Esa primera audiencia terminó con El Aissami llorando. Exigió su derecho a la salud y dijo que tenía miedo de no volver a ver a su hijo, que se recuperaba de una operación de corazón.

El acusado ha convertido cada intervención en un desafío abierto al tribunal. Ha denunciado violaciones procesales, exigido sesiones públicas. “Si este es el robo más grande de la historia, debe ser el juicio más transparente”, aseguran que dijo. Las denuncias han tenido efecto: esta semana el fiscal Eddie Rodríguez —a quien dicen que acusó de acudir a su celda para exigirle que grabara un video confesando delitos— fue apartado temporalmente del caso. Mientras tanto, la hernia en la columna y el trombo en una pierna que arrastra desde su detención —las secuelas ocho meses en el suelo helado— han llevado a su defensa a pedir la libertad condicional.

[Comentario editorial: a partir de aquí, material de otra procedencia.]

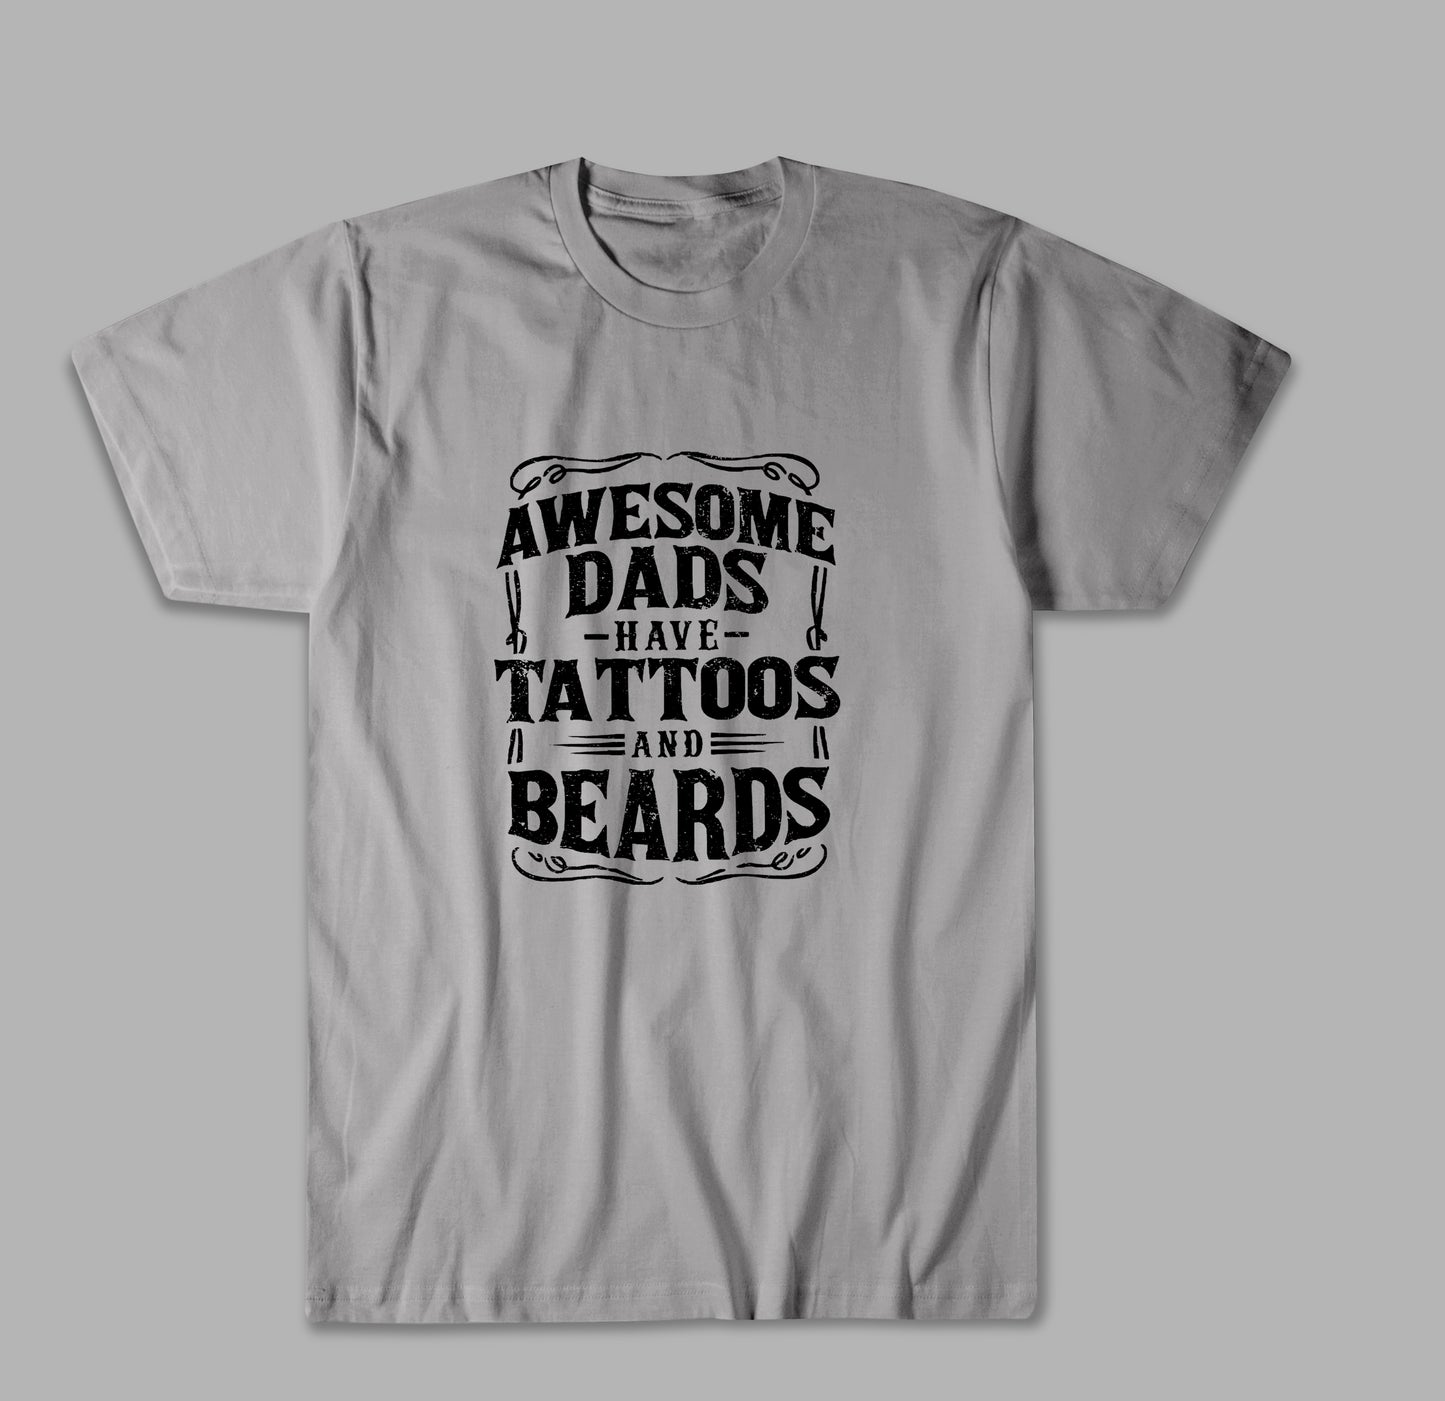 Awesome Dads Have Tattoos and Beards for Fathers Day T Shirt PJ6

El Aissami también ha señalado otras tramas que involucran a funcionarios del entorno de Maduro y a la esposa del presidente, Cilia Flores. Su defensa pide la nulidad del juicio.

En el fondo del expediente hay algo más grande que un hombre, hay una compleja red criminal vinculada con el Estado. El llamado caso PDVSA Cripto investiga el desfalco que dejó la operación con la que Venezuela comenzó a intercambiar petróleo por criptomonedas entre 2019 y 2022 —el mecanismo con el que el Gobierno sobrevivió al cerco sancionatorio. Una arquitectura que involucra también a Delcy Rodríguez, entonces vicepresidenta y ministra de Economía, y luego al frente de Petróleo cuando El Aissami renunció intempestivamente en marzo de 2023, desapareció de la escena pública y fue detenido un año después. En el banquillo están también el exdiputado Hugbel Roa, el exministro de Finanzas Simón Zerpa y el exsuperintendente de Criptoactivos Joselit Ramírez.

Los cargos son graves: traición a la patria, apropiación de patrimonio público, legitimación de capitales, asociación para delinquir. El dinero perdido, solo en esta causa, se calcula entre 5.550 millones de dólares según la Fiscalía y 16.900 millones según Transparencia Venezuela. “La acusación señala que las divisas producidas por las ventas del crudo se canalizaron a través de criptoactivos y negocios ejecutados por 74 sociedades mercantiles”, explicó la ONG.

No es la única acusación que pesa sobre El Aissami. Figura en las listas de sancionados del Departamento del Tesoro de Estados Unidos desde 2017, lo busca la justicia estadounidense —con recompensa incluida— y la corte federal de Manhattan lo señala por vínculos con el narcotráfico y evasión de sanciones internacionales. En los registros del Servicio de Control de Inmigración y Aduanas (ICE) figura como “capturado” desde su arresto por las autoridades venezolanas en abril de 2024.

El juicio llega con dos años de retraso —desde que se anunció la captura de El Aissami hasta que arrancó el proceso— y se abre en un momento de transformación convulsa: el chavismo intenta recomponerse tras la captura de Maduro en la intervención militar estadounidense, mientras Delcy Rodríguez promete desmantelar el oscuro aparato judicial que durante años sirvió para reprimir. El Aissami, de momento, se ha empeñado en poner luz sobre los abusos de los suyos.